Podcast: Felicia Marcus, California State Water Resources Control Board

November 14, 2016

Felicia Marcus has one big job – one few would ever covet.

She’s the chairwoman of California’s State Water Resources Control Board.

The New York Times has called her “the face of California’s crackdown on water abusers.” And a “drought celebrity.”

Her board implements both federal and state laws regarding drinking water and water quality.

It enforces water rights laws; sets statewide water quality, drinking water and water rights policy; and decides water rights disputes.

Like I said, tasks few would covet being responsible for anywhere right now – not to mention in the thirstiest state of our nation.

This woman brings tenacity, candor and doggedness to water, and I’m thrilled to have her as our next guest of freshwater Talk.

Take a look at a sampling of our conversation below, and listen to the full episode above. Next month, we’ll look at some of the best moments during another full year of freshwater Talk.

Q: What in the world made you accept this position?

A: It’s a great opportunity. I’ve worked in and around water in Northern California and Southern California at the federal level and at the local level and in the water supply issues, Bay Delta issues and in water quality. So at this point in my career, it was a great opportunity to put myself where my mouth has been and try to do some good with an administration that really wants to do stuff.

Q: You’ve become known as a pretty big supporter of local approaches to water management. How does local management really begin to work in these settings that have such different characters?

A: That’s part of the reason why local management makes sense. But in some ways, it’s about redefining local. I don’t think we need top-down state control, but I do think we need a more consolidated, local conversation about how water moves through geographies and different stages of use.

Q: The Sustainable Groundwater Management Act is huge. It’s groundbreaking. Again, a lot of really great words written on paper. We have to make that through line happen in the applied world. What role do you see this improved and improving water accounting, tracking and reporting play? What type of opportunities does that open up for California going forward?

A: We have had a paucity of data at a scale that could allow people to come up with those multiple benefit solutions across jurisdictions or silos. So having some basic information about surface water, let alone the information about groundwater, allows us to even have a conversation about how we might be able to do things better, whether it’s implementing our water rights system above ground or below. I just think knowing about what we’re talking about is a better foundational base for discourse about how to use water wisely.

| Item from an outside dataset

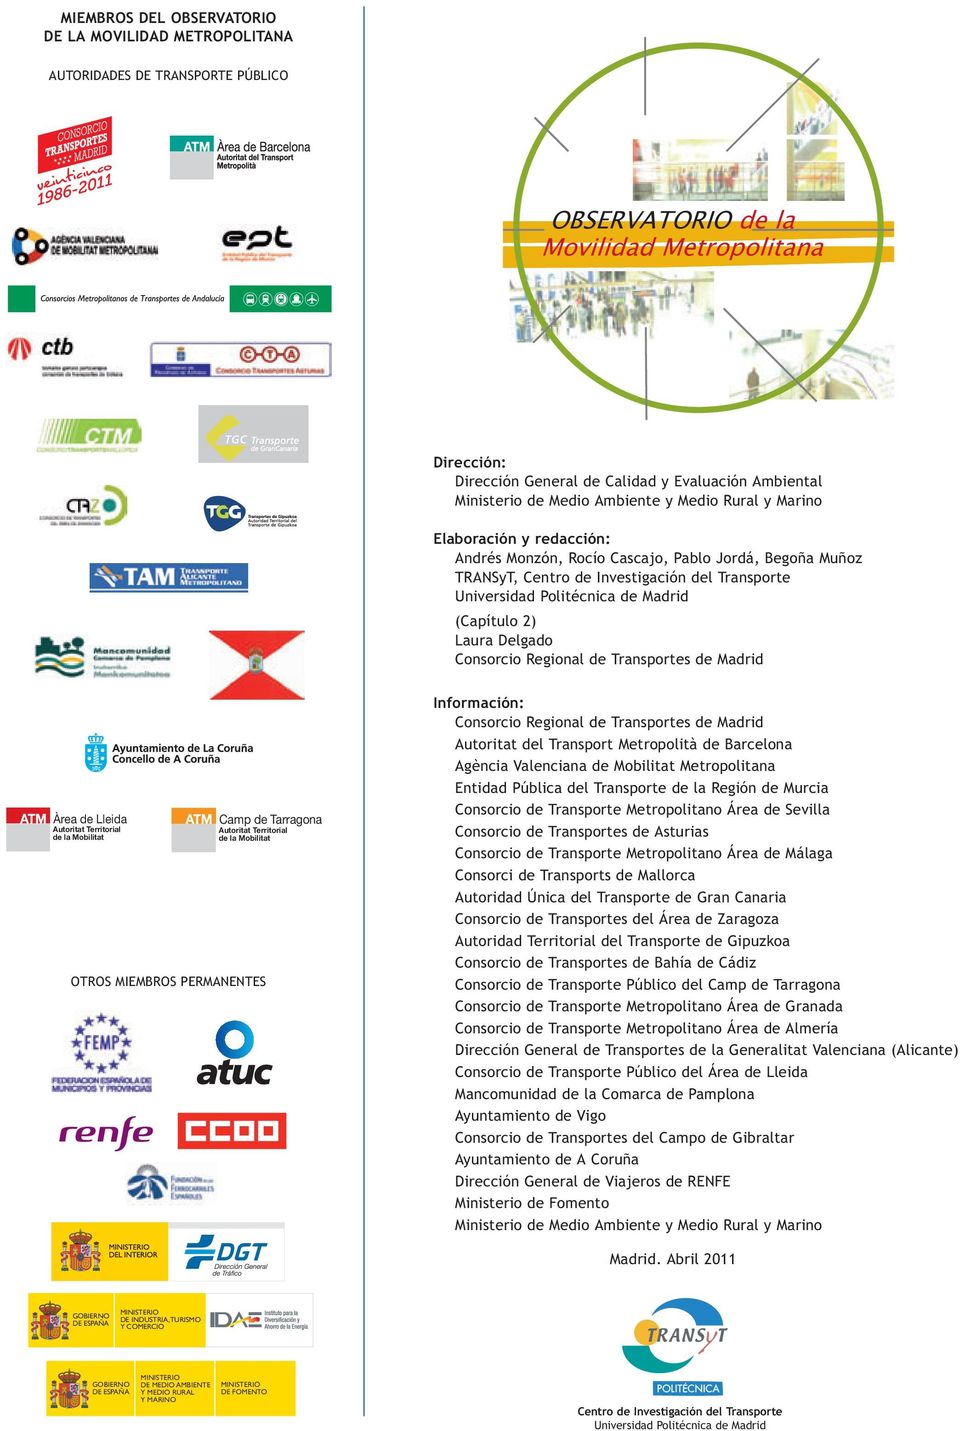 Politécnica de Madrid (Capítulo 2) Laura Delgado Consorcio Regional de Transportes de Madrid Àrea de Lleida Autoritat Territorial de la Mobilitat OTROS MIEMBROS PERMANENTES Camp de Tarragona
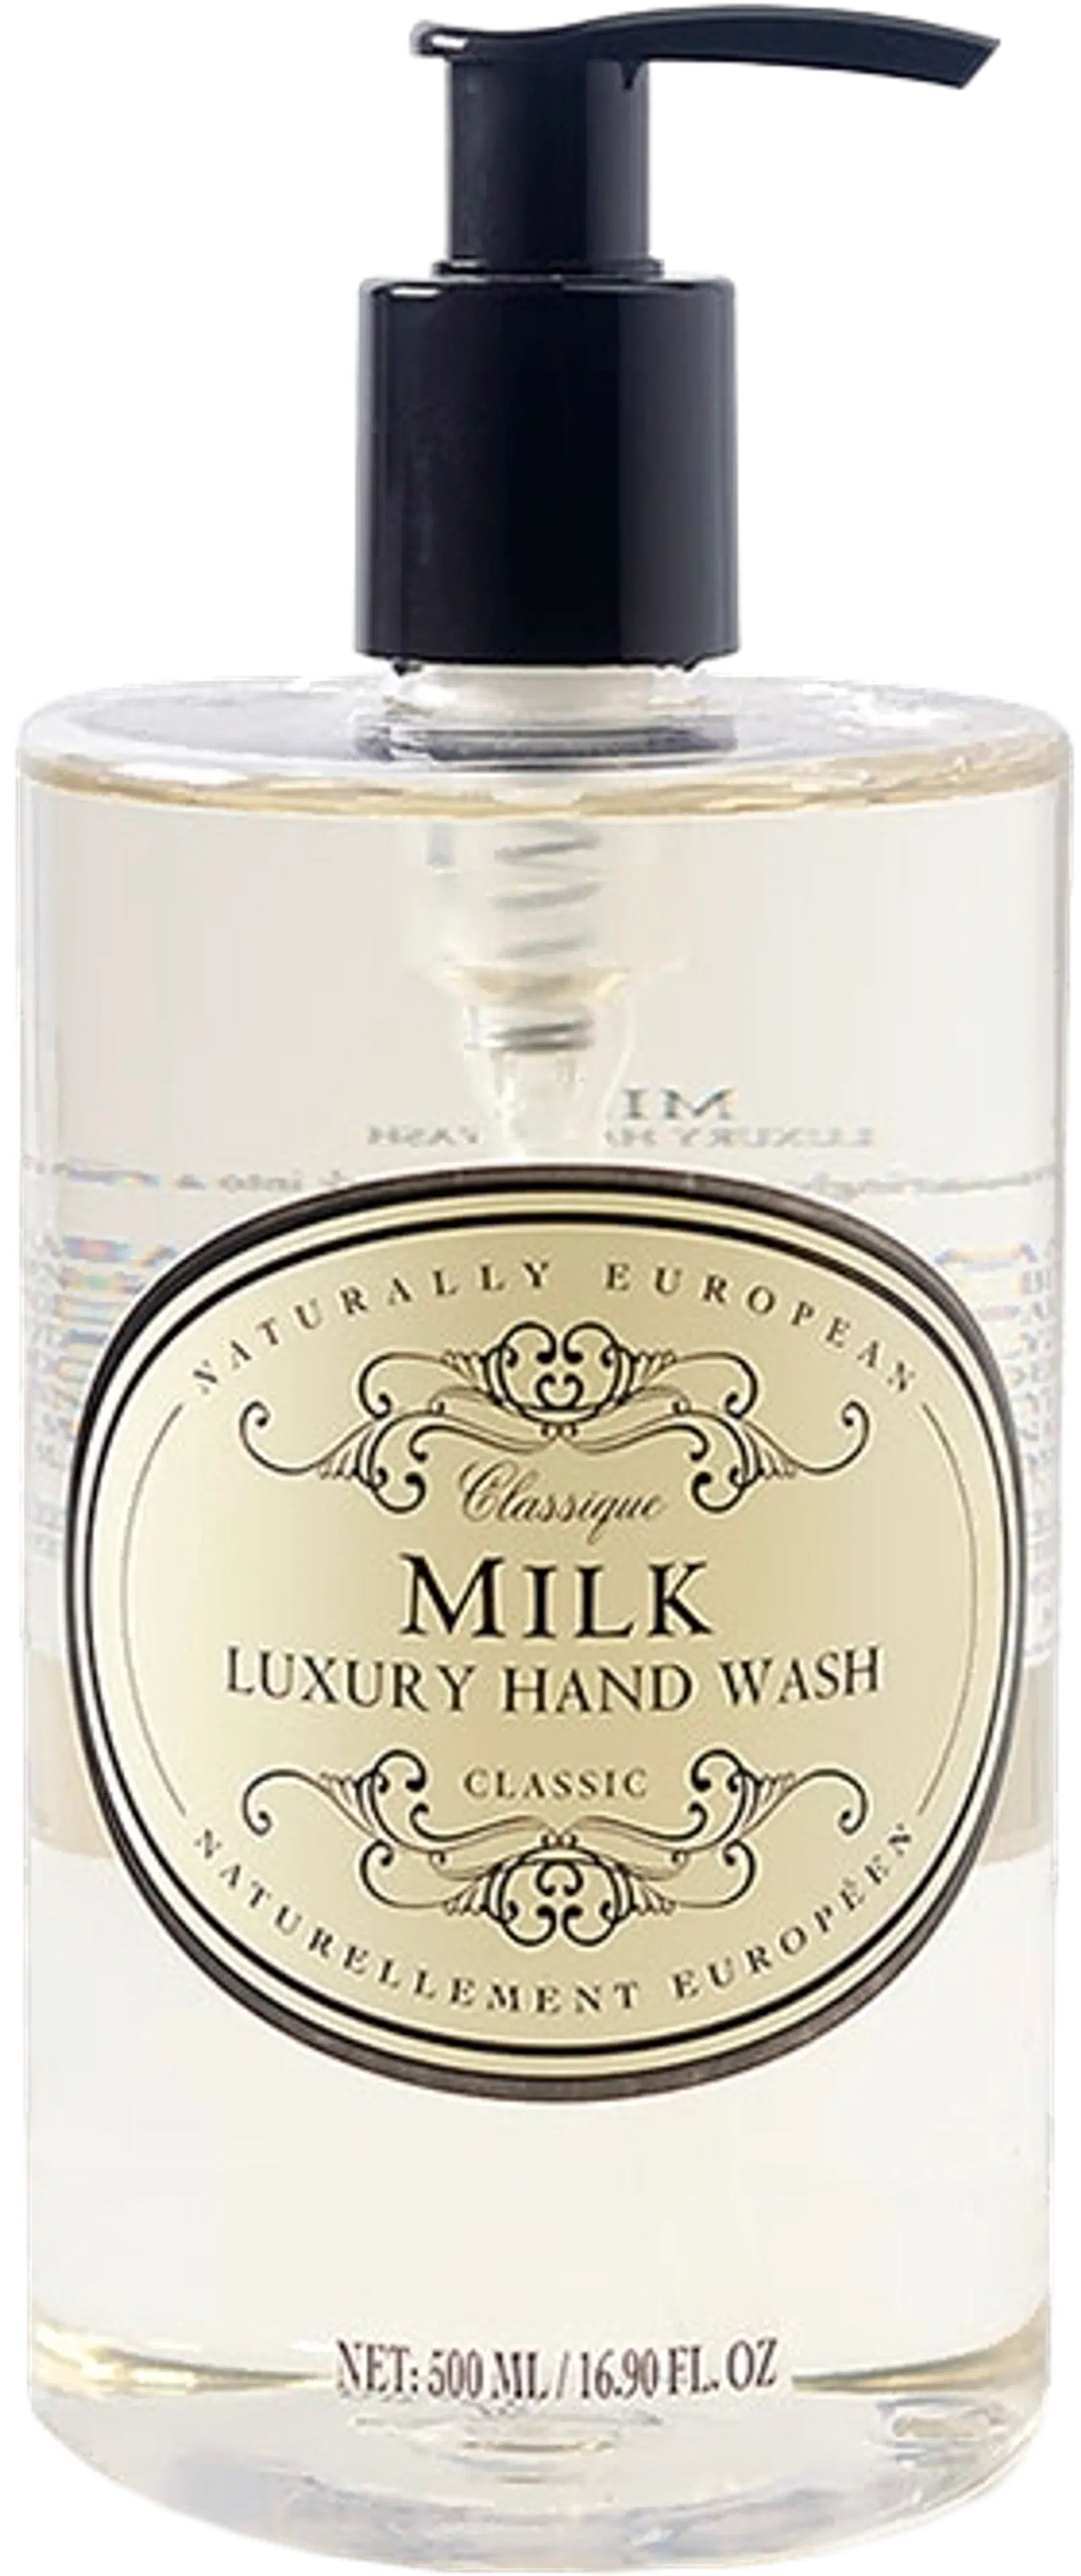 Naturally European Milk Cotton Luxury Hand Wash käsisaippua 500 ml

Q: Shifting gears to algal blooms. They are starting to pop up more and more in California. How are you looking at understanding those and ultimately figuring out how to manage those?

A: We’re starting to look at it much more closely. There are certain areas where they were relatively more common because of the nutrient load in a given place, even a natural nutrient load, not something that hadn’t been regulated, and a combination of shallow water and warm temperatures. But as we’ve seen an exploding number of them seemingly in the ocean and in water bodies because of the combination of low water levels due to drought and record high temperatures at the same time, we realize we need to take a more proactive approach. There are some areas where they regularly apply algicides at certain times of year, and that’s usually a hard fought issue at a local level. Sometimes people know to just stay out of the water at certain times of year, but the scale at which we’re seeing means we need to double down on thinking about it and may need to address our standard.

Q: What would you be doing if you weren’t doing this job?

A: That’s a good question. I’ve done so many different things. It’s hard to know. I’m not sure what I would have done next. I might have gone back into local government if I had gone back to Los Angeles in a local agency. I actually am more of an operations person than a regulator. I like doing stuff and working with people who are doing things, whether it’s a sewage treatment plant or stormwater capture. I spent seven years at the Trust for Public Land with people who were creating these amazing miracles of folks reaching across unusual divides and creating parks and playgrounds and saving farms and doing all kinds of things with the land, which does tend to bring out the best in people. So I’d probably be doing something like that. But I think having an operations mindset is a good thing in a regulator because it helps keep me humble about the role of regulators.